I'd noticed but not noticed. I was on overdrive, a machine, shoulders and back aching in a distant way that was not really "mine" somehow. My shovel was making a different noise. The pile had rocks in it and was filled with trashy stuff amongst rougher dirt. There was a busted cup to a field telephone with the bigger holes in it for the ear, small pieces of wire with the copper sticking out, an industrial rubber glove that was black on one side and yellow on the other, an old, opened pack for a Trojan condom, and a million cigarette butts. I pushed up and put my hand to the small of my back. Kyle had exhausted four huge dirt piles and I had managed three. There wasn't much left to dump. I sunk my spade into the pile and it made a gravelly sound. Something winked up. I turned the shovel and scraped the tip over the area. It brought to the surface a Mickey Mouse watch with one of the bands torn off. The face was scarred by a jagged pair of nearly parallel cracks, and the colors and familiar shapes just under the deformities doubled like mirrors. The image brought up the trace of a smile. Red and black kiddie colors, big white gloves on those stick arms. The red second hand was continuous, and didn't do those little twitches across the background. One of Mickey's gloves was on the ten, and the shorter one was just shy of the five.
I jerked up and looked around in a wider view than I had taken a second ago. Had the cover of the forest screwed my sense of time flow that badly? It was not as if I was some expert like the explorers in adventure books who always seemed to know the time by the position of the sun, but I usually knew when the day was getting old. I looked back in the general direction of my house and then up toward the jobsite above us. The sun was filtered through the trees the same as it had been all day. Of course it was. The sun didn't go down until seven or eight at the end of the summer. I could have gone at least another hour and a half until I noticed any difference at all. My thinking was behind the eight-ball here, and I cursed myself for it. Worse, Ma had bought me a watch and I always forgot to wear it. I think it was on my bookshelf next to a ceramic mug I made in fourth grade, but I wasn't sure. It would have been easy to convince myself that I never wore the thing because it got in the way or I thought it looked snobby, but it wasn't that easy. I was simply too lazy to remember to put it on. Then, I was forever asking my friends what time it was like a begging little idiot. My whole life was one step behind, and it was self-inflicted.

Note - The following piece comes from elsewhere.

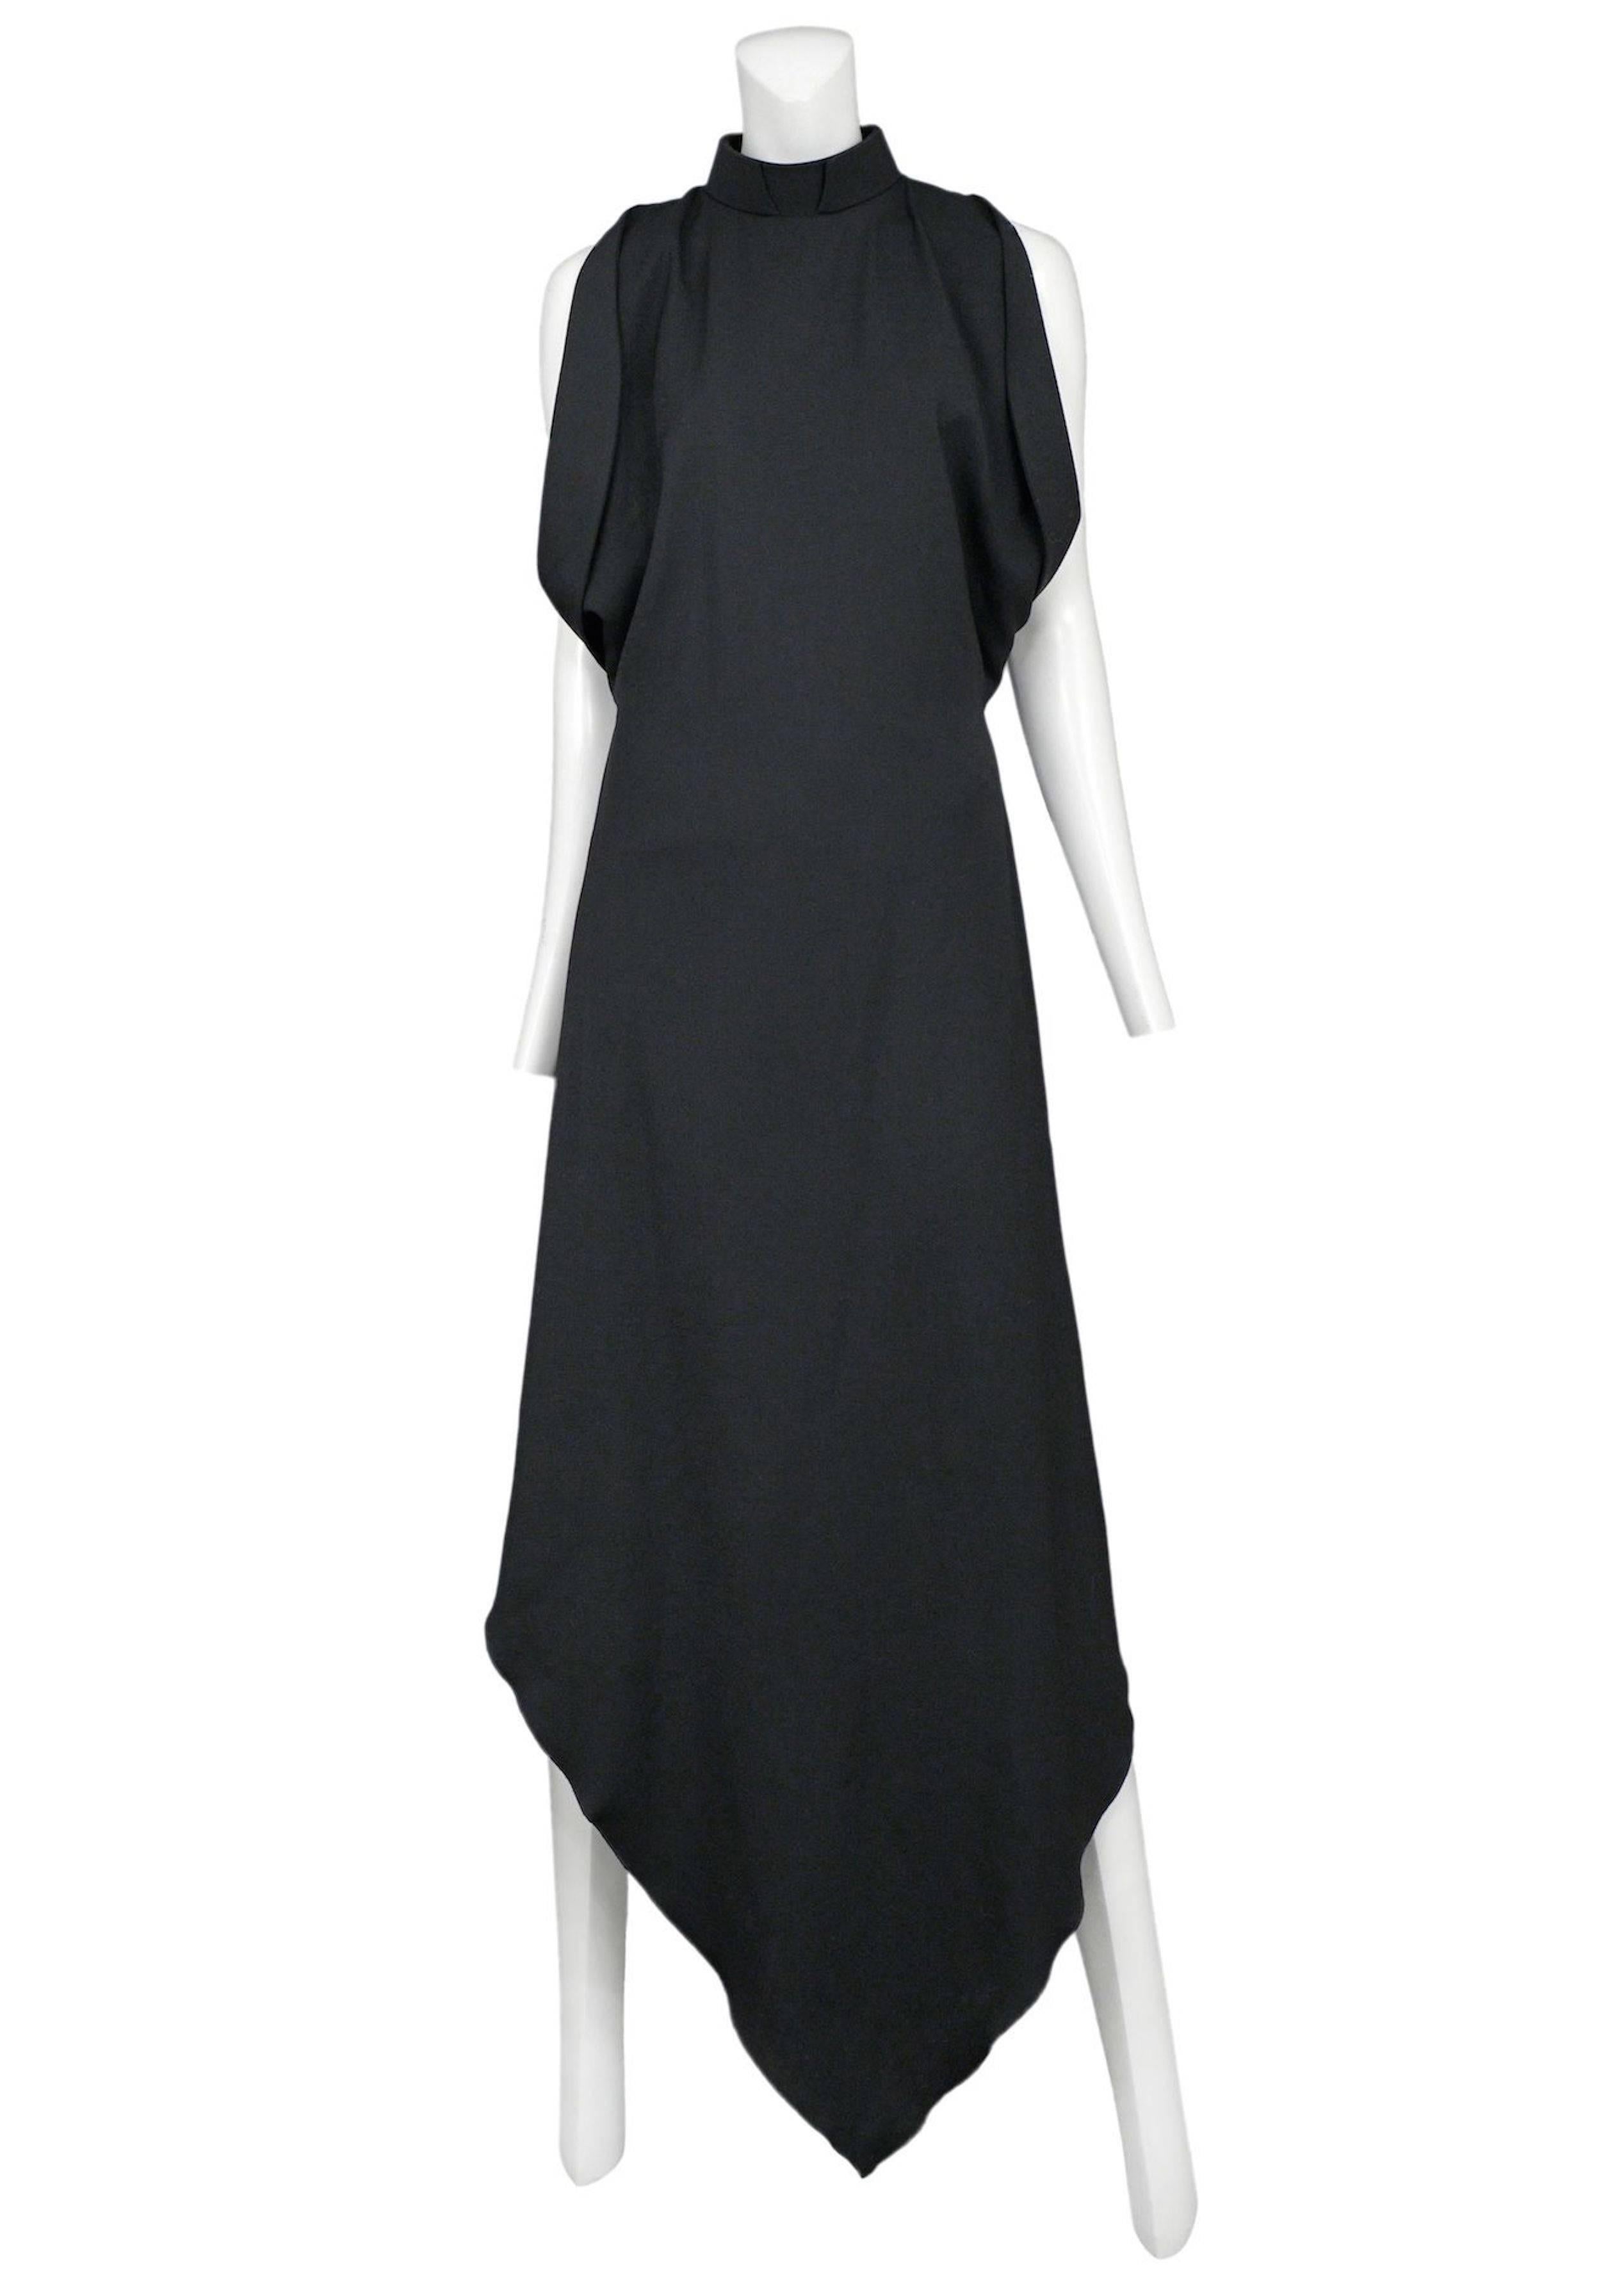 Vintage Maison Martin Margiela black long priestess gown featuring draped arm holes and a stiff priest like collar. Circa Autumn / Winter 2008.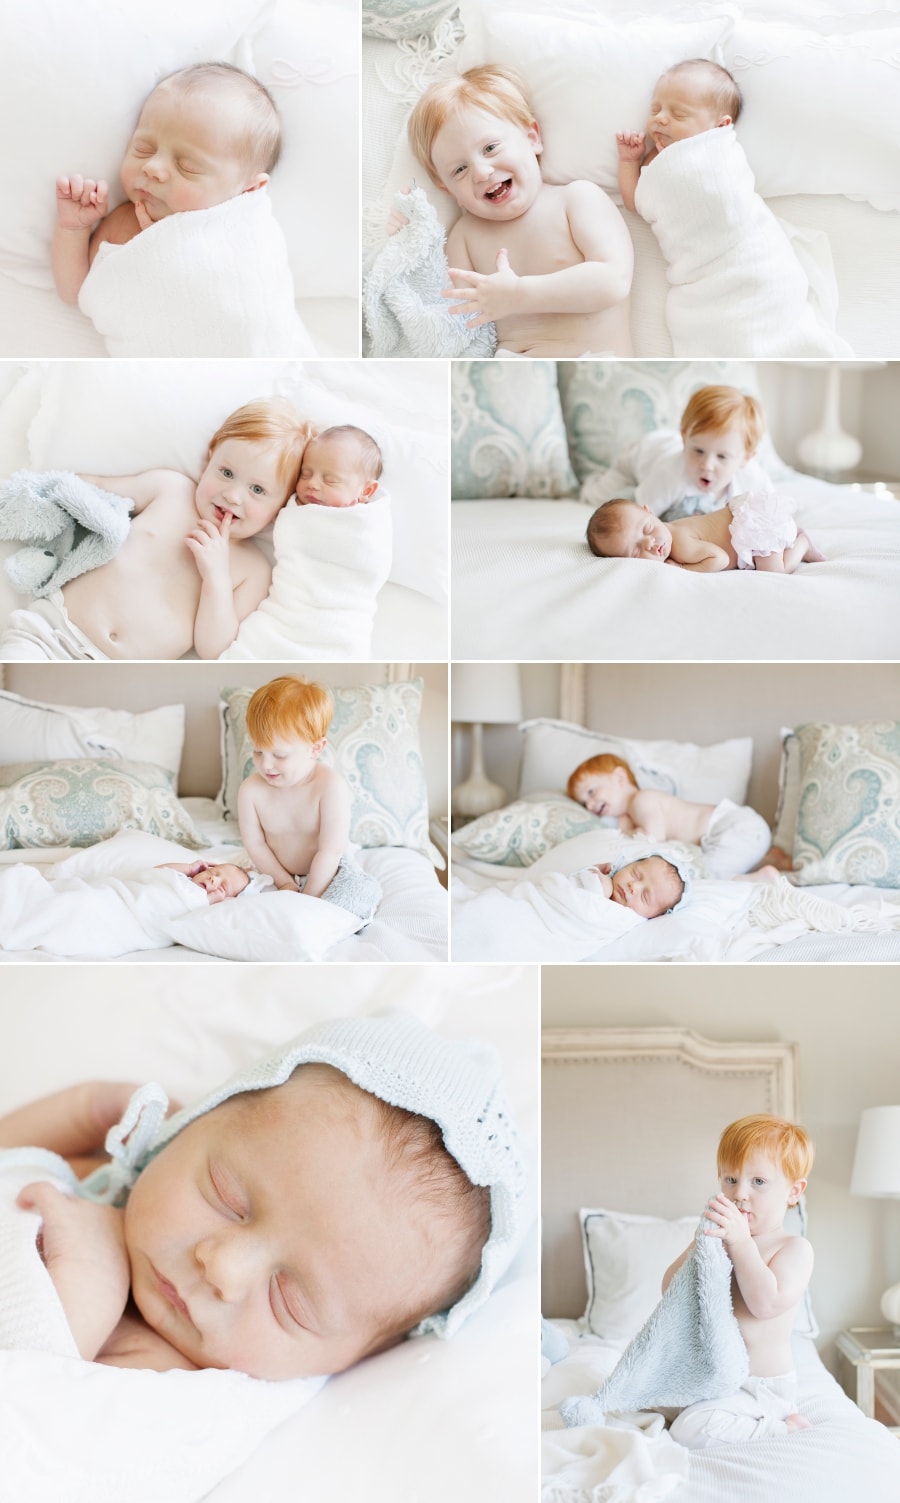 savannah newborn photographer photos of newborn baby and older brother on bed

I threw down my shovel. Kyle had ceased digging as well and he was gazing into the hole.
"Looks almost ready," he said. "Almost."
"What?" I said. "Uh, Kyle, I just dug up a watch and it's getting close to five o'clock here." I took a good look into the grave and saw that we had actually filled it three quarters of the way. It seemed good enough to me and I suddenly burst into action. Last-minute business, chop-chop. I was dimly aware that I hadn't asked permission or advice, but the time factor had forced me to independence. Kyle stuck the point of his shovel into the ground, and leaned on the D-handle with his elbow. I believe he was smiling.
I vaulted up the rooted path. The sun made me wince and I spread my index finger and thumb to make a visor. The Honda had left a trail of tire marks. I ran up and dragged my feet across the evidence. Dust rose. I coughed a few times. There were imprints running through the wildflowers as well, but I couldn't straighten all of the broken flowers of the world, now could I? With nothing leading up to the impressions they would be a mystery. An unnoticed one, I hoped.